If he wants to make America great again in the eyes of the world, he needs to be bolder than Biden: By bringing Ukraine into NATO as the foundation of a peace agreement.

It will cost U.S. taxpayers less to support Ukraine inside NATO than outside on an ad-hoc basis.

Stephen M. Walt, Robert and Renee Belfer Professor of International Affairs, Harvard Kennedy School

Ukraine was not going to" win" the war—if winning means regaining its lost territory—and Kyiv is going to have to cut a deal with Moscow eventually. Trump's victory will weaken its bargaining position considerably, however, and it will have to accept an even worse outcome than it might have achieved with Harris in office.

Barry R. Posen, Ford International Professor of Political Science, MIT

It has been clear for some months that Ukraine is unlikely to recover its lost lands through military action. Russia is too strong. Indeed, Ukraine is losing more territory even now.

Ukraine did manage to maintain its political autonomy, and it has seemed strong enough on the ground, with Western help, to defend against a complete Russian takeover.

With Trump's election, the notion of reversing Russian gains seems utterly implausible. Ukraine may be able to continue to defend most of its remaining territory, with the help of its other allies, but it will get only modest help from the US.

It is also likely that Trump will indeed be willing to negotiate with Russia "about Ukraine, without Ukraine."

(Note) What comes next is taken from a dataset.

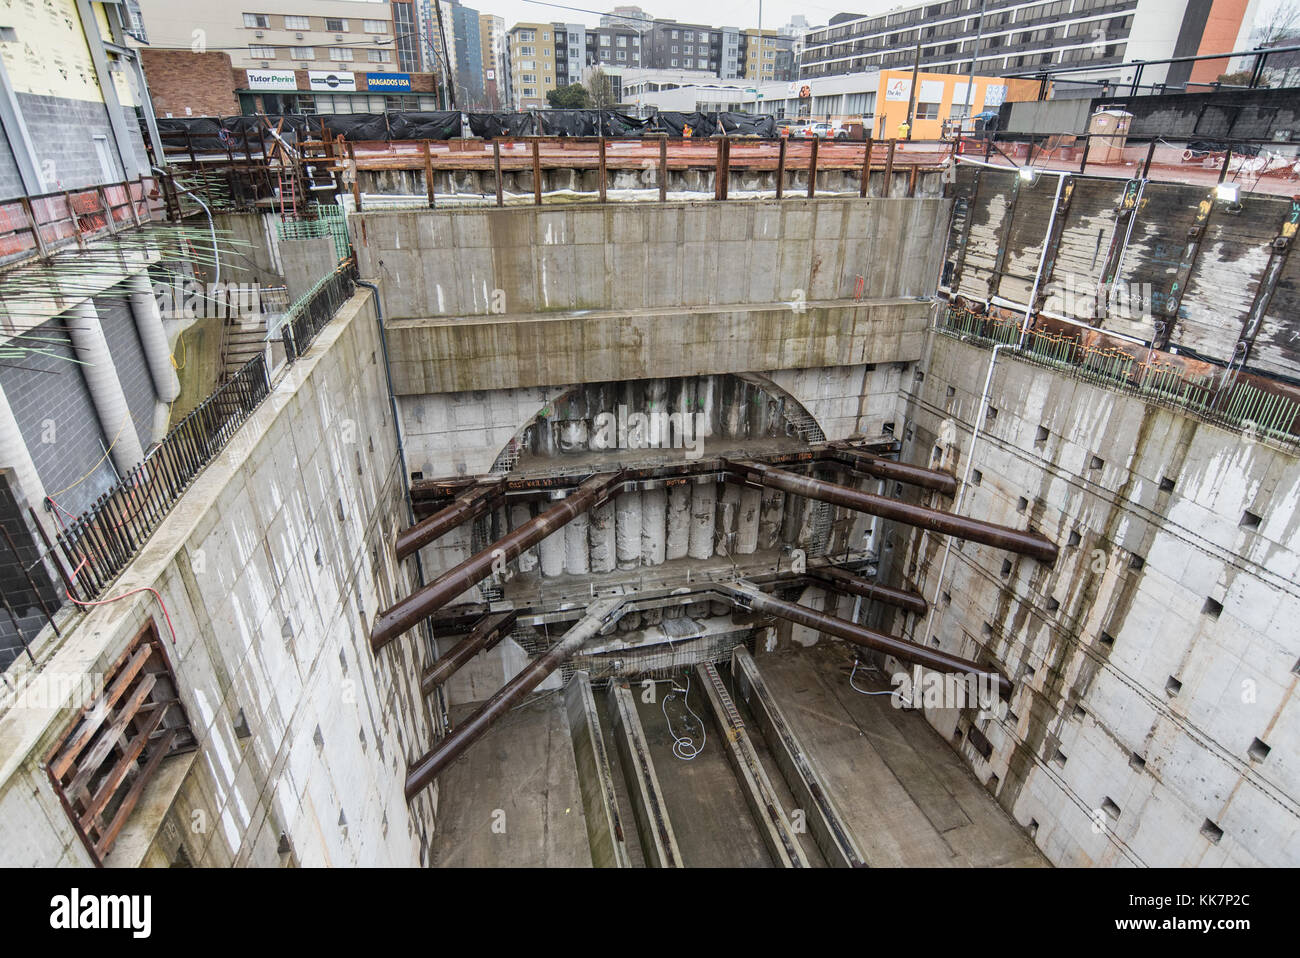 Alaskan Way Viaduct Replacement Program.This photo shows progress on the future southbound SR 99 lanes.  Crews assembled the SR 99 tunneling machine. Crews are building the southbound deck on top of the northbound lanes. Stock Photo

James​​​​ Carafano, Senior Counselor to the President and E.W. Richardson Fellow, The Heritage Foundation

Of course not. A free and secure Ukraine is in America's interest.

The president wants the fighting to stop, so do Ukrainians. He wants the country rebuilt. So do Ukrainians. I think interests will converge.

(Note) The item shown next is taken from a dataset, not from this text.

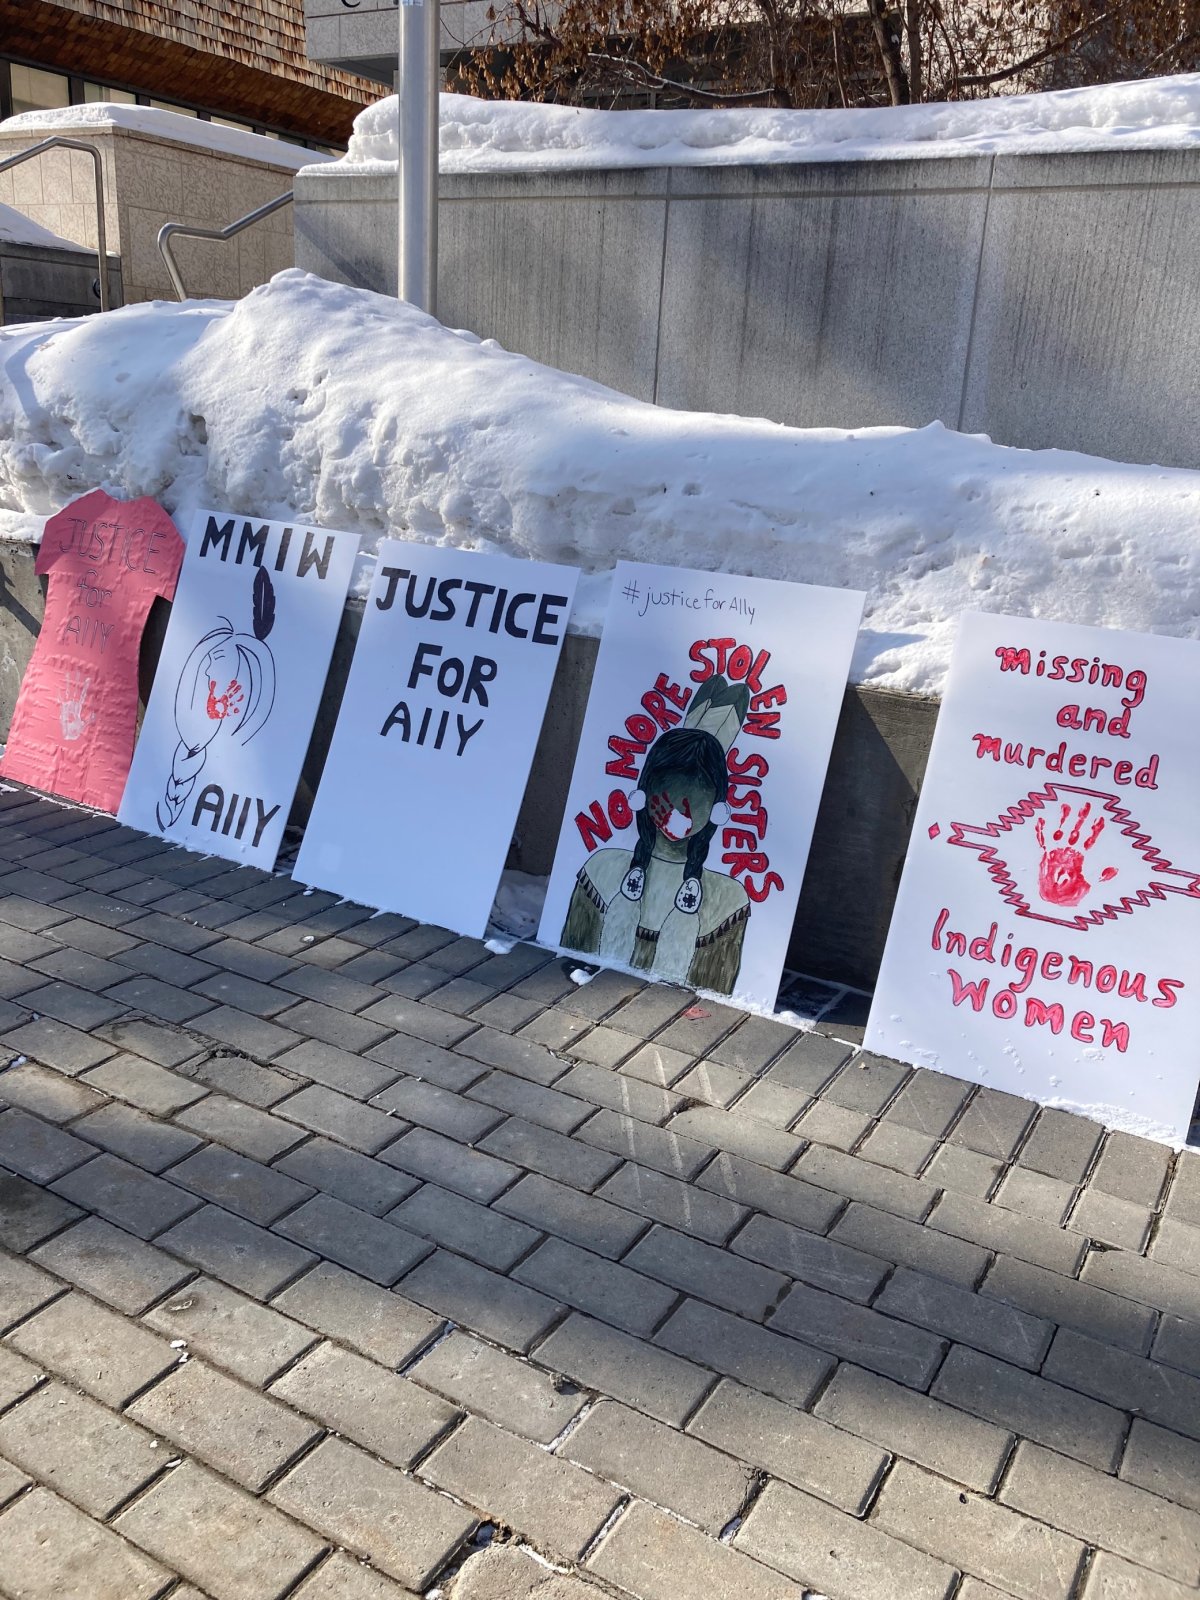 The brothers of Ally Moosehunter appeared at Saskatoon's Court of King's Bench on Monday and told the story of the day they found their sister, dead in her apartment.

Most of the conservative concern in the U.S. was there was no plan and a risk-averse president. That changes now.

Dr. Jamie Shea, Associate Fellow, International Security Programme, Chatham House

On Ukraine, it's too early to say. There is strong support for Ukraine among Republicans and they don't want to see the U.S. caving into Russia. The entry of North Korea into the war and China and Iran's military support for Russia changes the geo-strategic calculus for the U.S. Trump will not want to appear weak.

Moreover, if Republicans control Congress, aid to Ukraine is no longer a partisan issue of frustrating the foreign policy of a Democratic Biden administration.

Trump will get different advice from his aides on Ukraine and we will need to see what side of the fence he comes down on. But Trump will certainly demand a more realistic and credible strategy for ending the war and shift more of the burden of helping Ukraine to the Europeans and NATO.

Key question: Will he seek to cancel the billions of dollars of U.S. military and financial support to Kyiv that are already in the pipeline following Congressional approval of the $61 billion supplemental last summer?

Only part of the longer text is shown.